Piper dejó de auto compadecerse.
Él la miró desconsolado.
—¿Y qué puedo hacer? —dijo.
—Tendrás que huir —le tuteó Baby y, dirigiéndose a la puerta del balcón, la abrió de par en par.
Piper escrutó la noche con incertidumbre.
Se había levantado el viento y la naturaleza —imitando al arte o, por lo menos, al poco arte que tenía Piper— se había desatado en olas que se estrellaban contra las rocas que había bajo la casa. Una ráfaga de viento enmararañó las cortinas y las hizo ondear en la habitación. Baby estaba de pie entre ellas, con la mirada prendida del horizonte. Su cabeza era un hervidero de imágenes novelescas. La huida nocturna. Un bote a merced de las olas. Una mansión en llamas recortándose en la oscuridad y dos amantes abrazados.
Se descubría con un nuevo aspecto, no ya como la esposa abandonada de un rico editor, una criatura toda ella rutina y artificios de la cirugía, sino como la heroína de una gran novela: Rebecca, Jane Eyre, Lo que el viento se llevó.
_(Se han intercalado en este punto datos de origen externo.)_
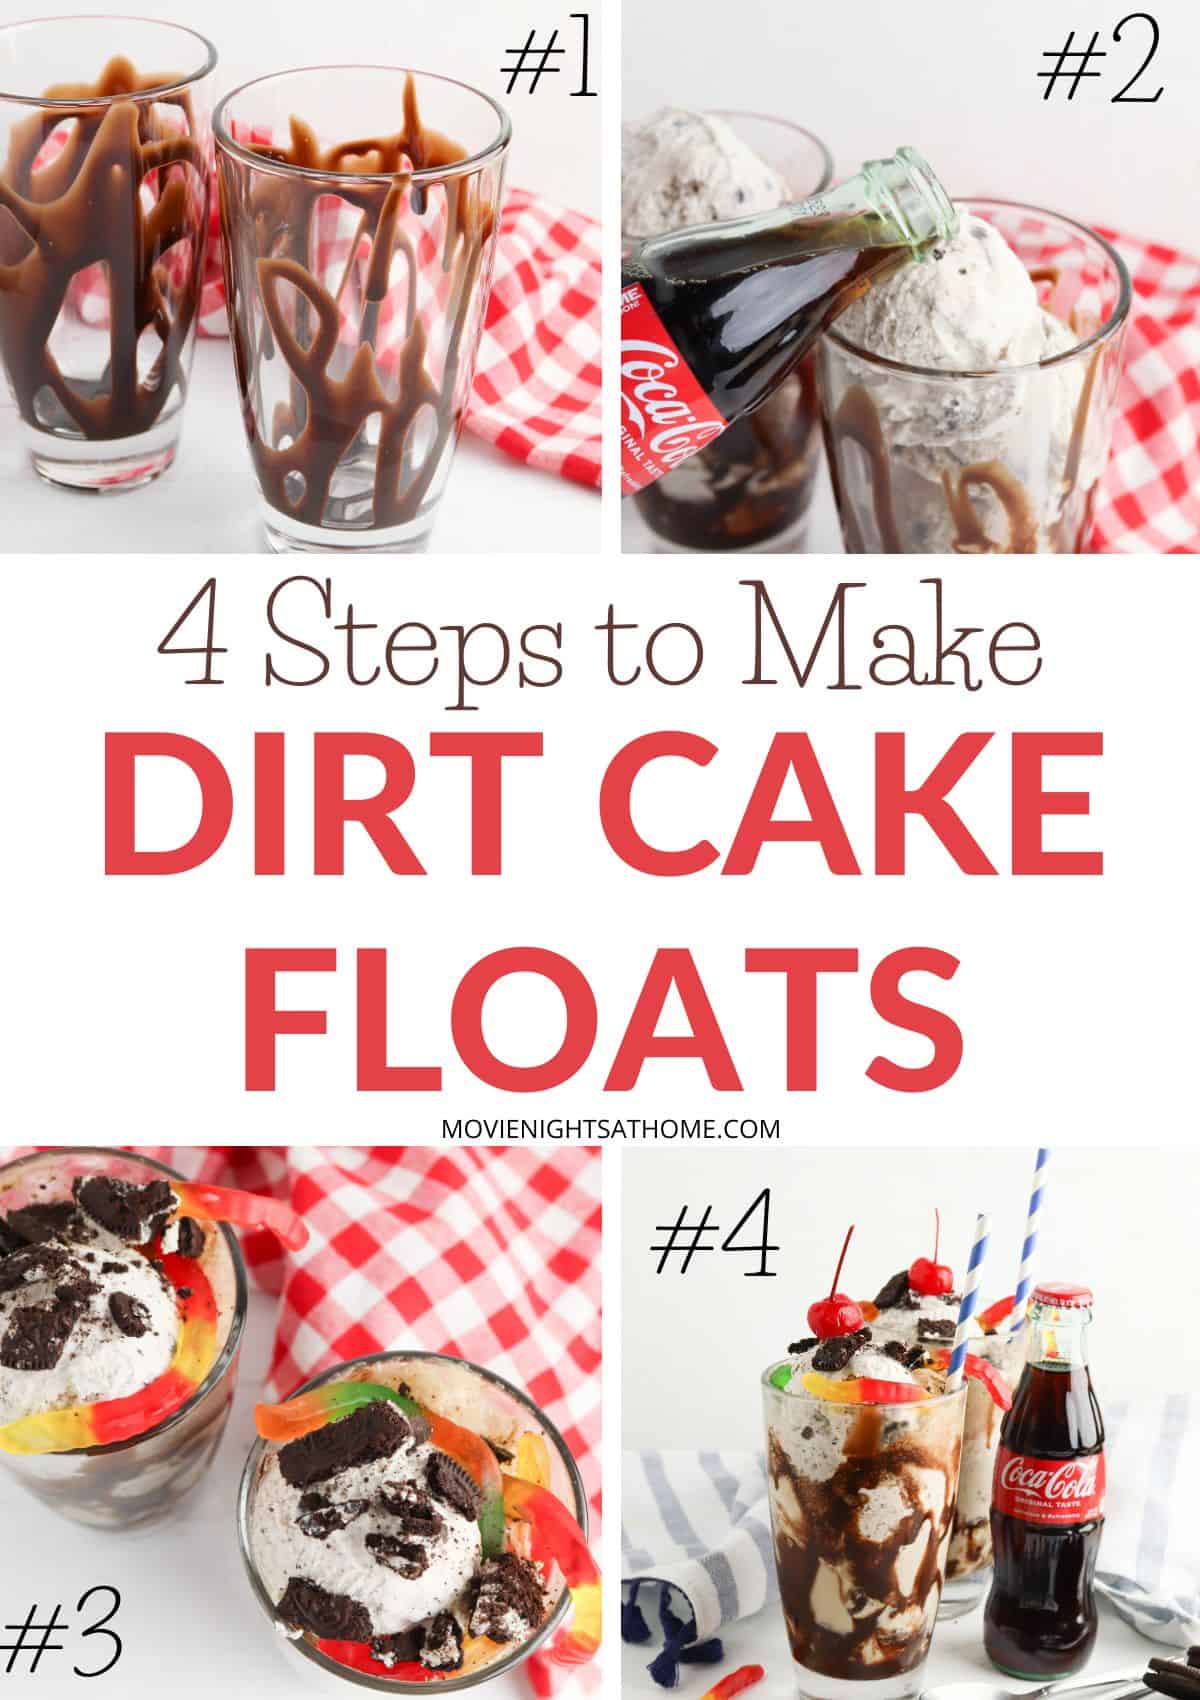 4 steps to make dirt cake floats - collage of the 4 steps

Volvió la vista hacia el interior de la habitación y Piper se quedó estupefacto ante la intensidad de su expresión. Los ojos le resplandecían y en su boca se dibújalo un firme propósito.
—Nos marcharemos juntos —le propuso, tendiéndole la mano.
Piper la aceptó con prudencia.
—¿Juntos? —dijo—. Quiere decir…
—Juntos —repitió Baby—. Tú y yo. Esta noche.
Y, cogida de la mano de Piper, le guió hasta la galería.